Ещё один авларин стоял у дверной завесы, но Кесса увидела его не сразу — прежде её взгляд остановился на роскошном полотнище с вытканными на нём игривыми ящерками. Эльф шевельнулся и шагнул к двери, и Кесса растерянно мигнула. Он смерил её задумчивым взглядом, едва заметно усмехнулся и вышел из залы.
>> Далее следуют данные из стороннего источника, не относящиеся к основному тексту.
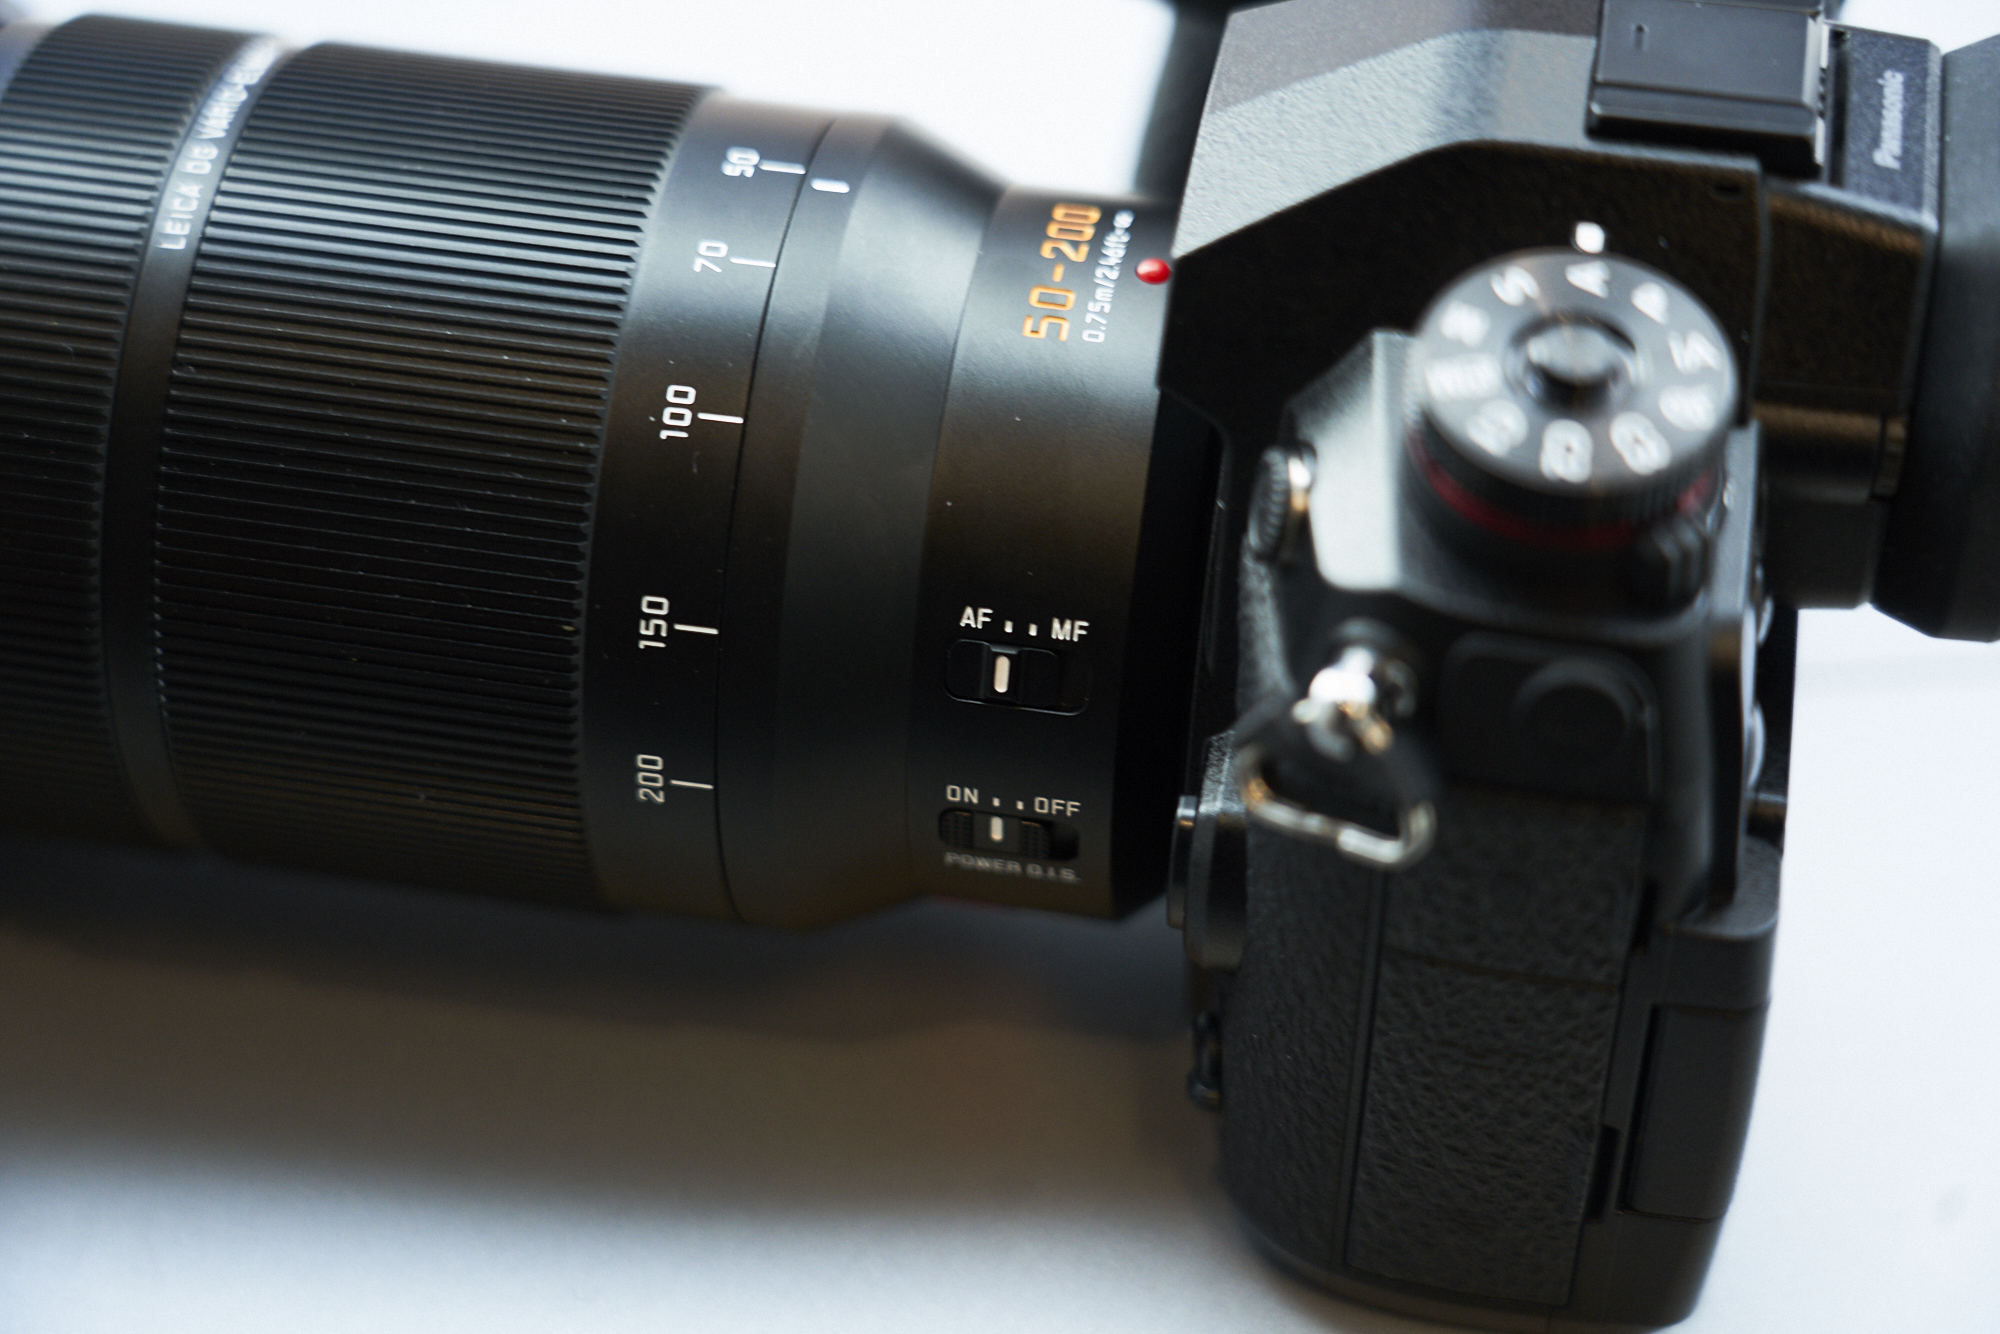 The Panasonic 50-200mm f2.8-4.0 ASPH is Quite the Superzoom

— Где я? И где… где Речник Фрисс? И Флона? И Аллан со своим ящером? — прошептала Кесса, тщетно нащупывая на груди Зеркало Призраков, а на рукавах — бахрому. Кто-то снял и унёс её одежду — и куртку, и рубаху, и плосколапые ботинки.
— Ты в Меланнате. Меланнат-на-Карне, наша крепость, — медленно, по слогам, проговорил авларин. — Тебя нашли на берегу Карны, принесли сюда. Никого больше там не было. Ты помнишь, что с тобой случилось?
— Ещё бы! — Кесса вздрогнула, вспомнив, как свистел в ушах ветер, и как мчались мимо отвесные скалы. — Но… Ты ведь знаешь всё это? Ты знаешь, кто я! Вы как-то залезли мне в голову, да? Как царица демонов-пчёл, как великие змеи Мваси…
— Храни нас Кетт, — поморщился Риланкоши. — Мы не лезем в чужие головы, нам хватает и своих. Ты уже просыпалась, Чёрная Речница. Мы кормили тебя, иногда ты что-нибудь говорила и засыпала снова. Пока срастались кости, мы не хотели тебя поднимать. А теперь ты, если хочешь, можешь встать. И рука, и бедро, — всё зажило.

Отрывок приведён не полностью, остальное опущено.